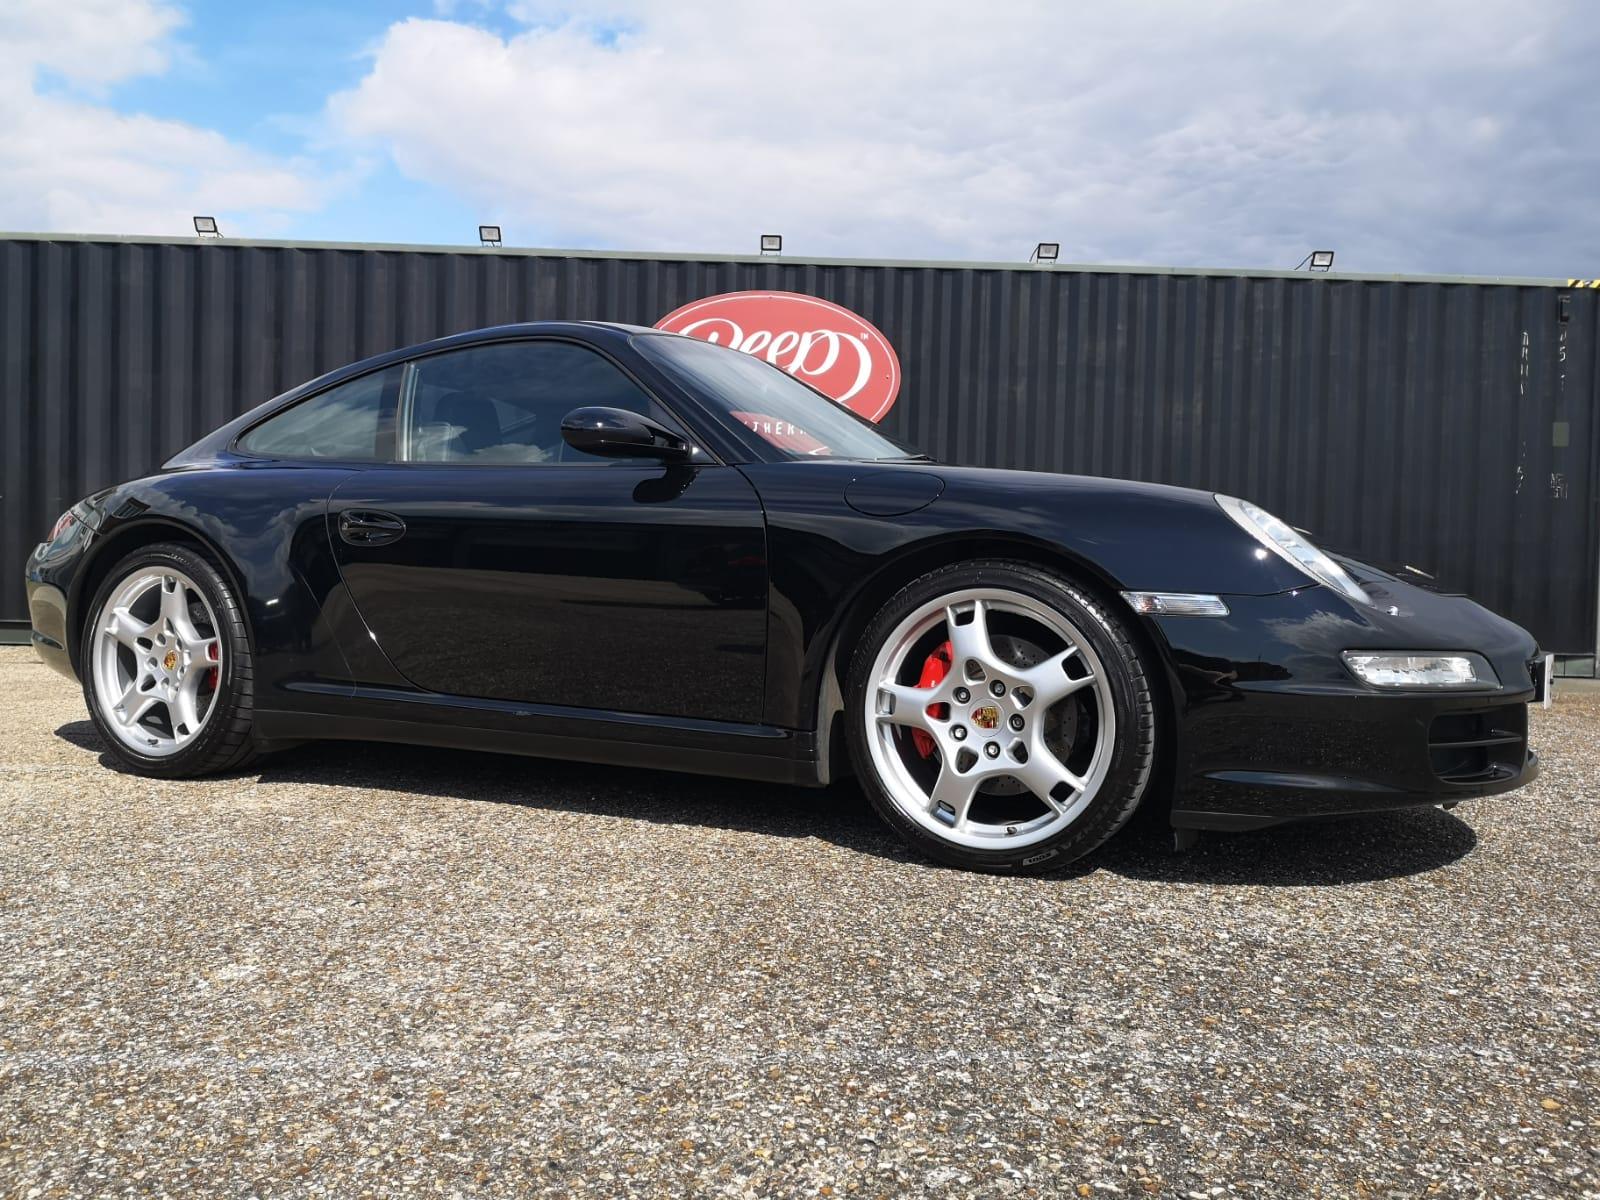 Porsche Carrera Car Wax
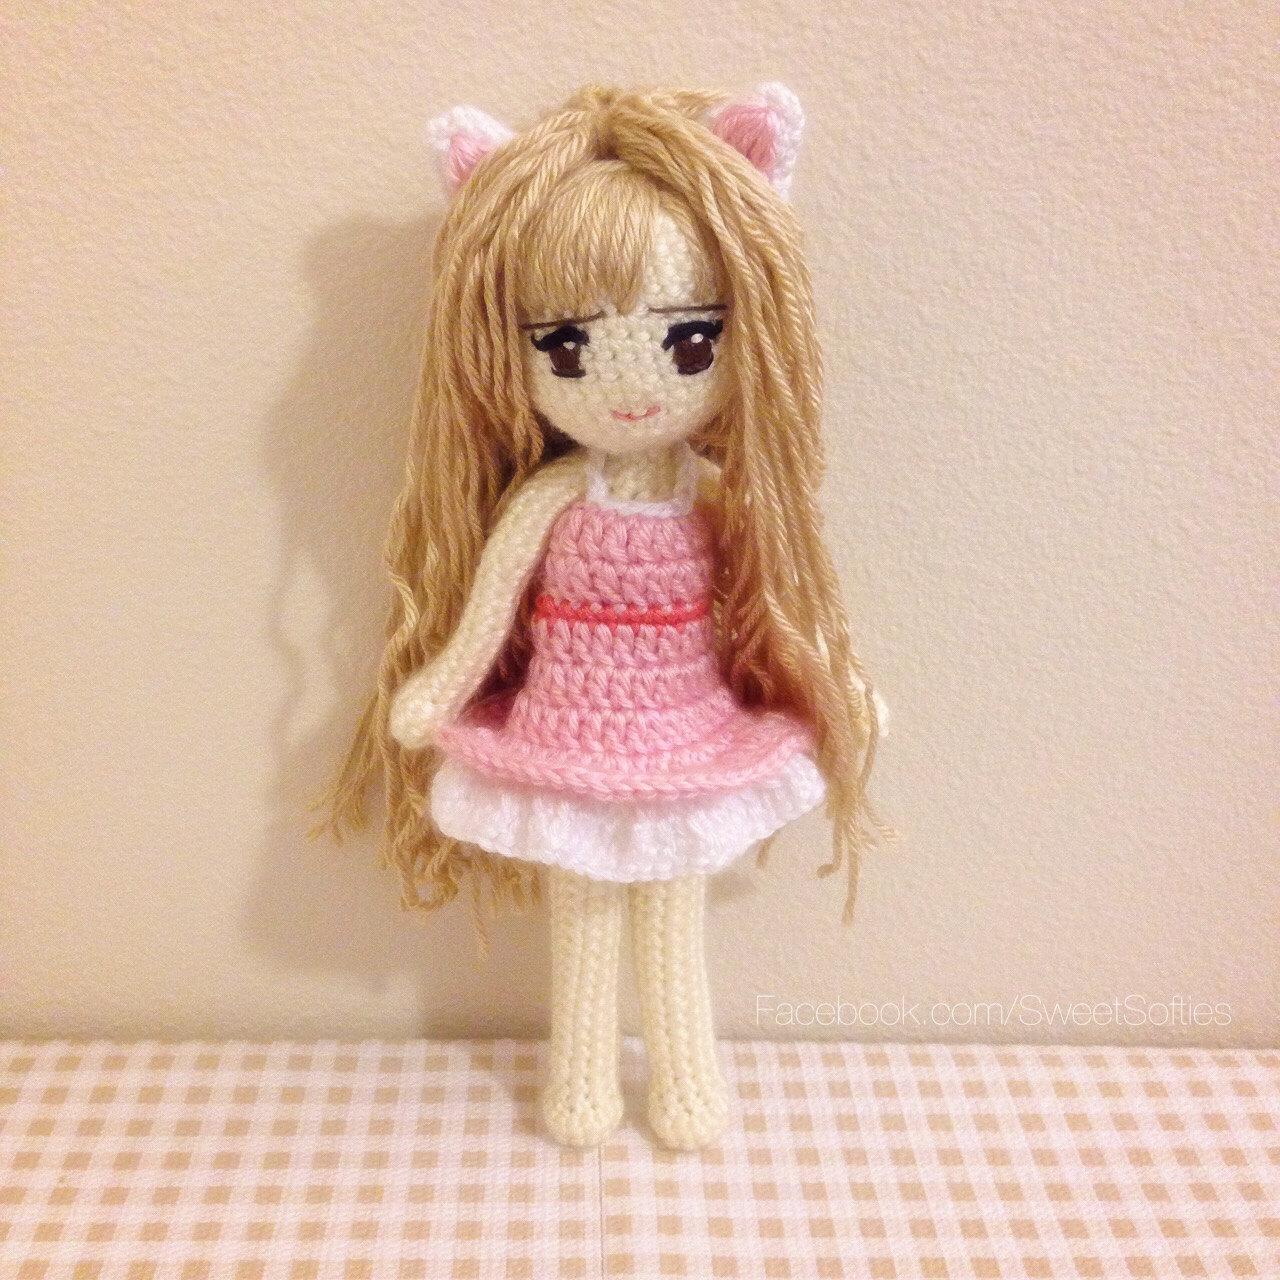 Amigurumi Crochet Doll Pattern Anime Kiki the Kitty Cat by ...
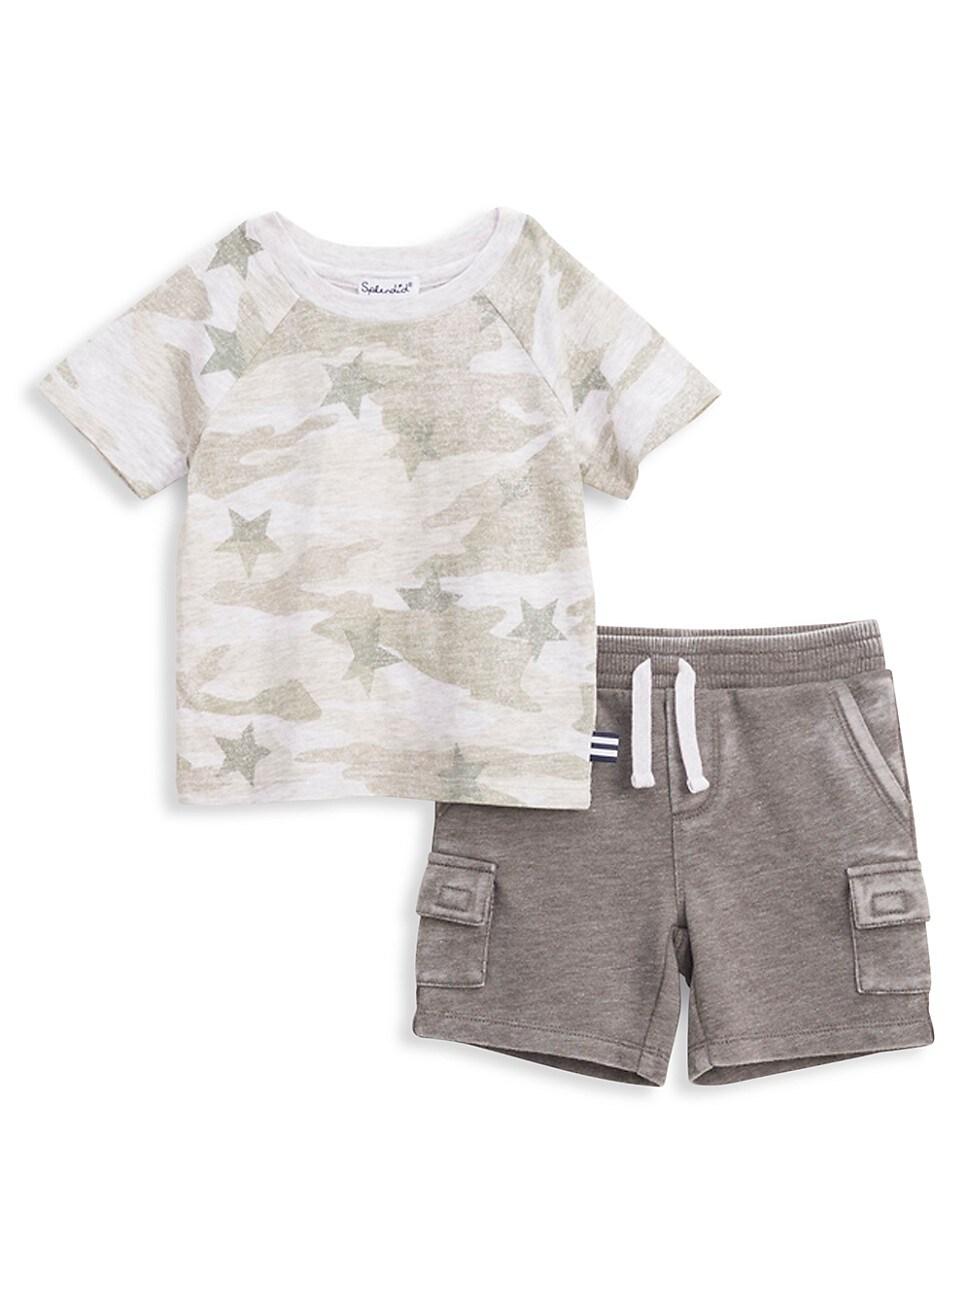 Splendid Sets BABY BOY'S 2-PIECE STAR CAMO T-SHIRT & SHORTS SET

EXERCISE
The answer should consist of every line above, exact and free of images.

SOLUTION
 Porsche Carrera Car Wax
 Amigurumi Crochet Doll Pattern Anime Kiki the Kitty Cat by ...
 Splendid Sets BABY BOY'S 2-PIECE STAR CAMO T-SHIRT & SHORTS SET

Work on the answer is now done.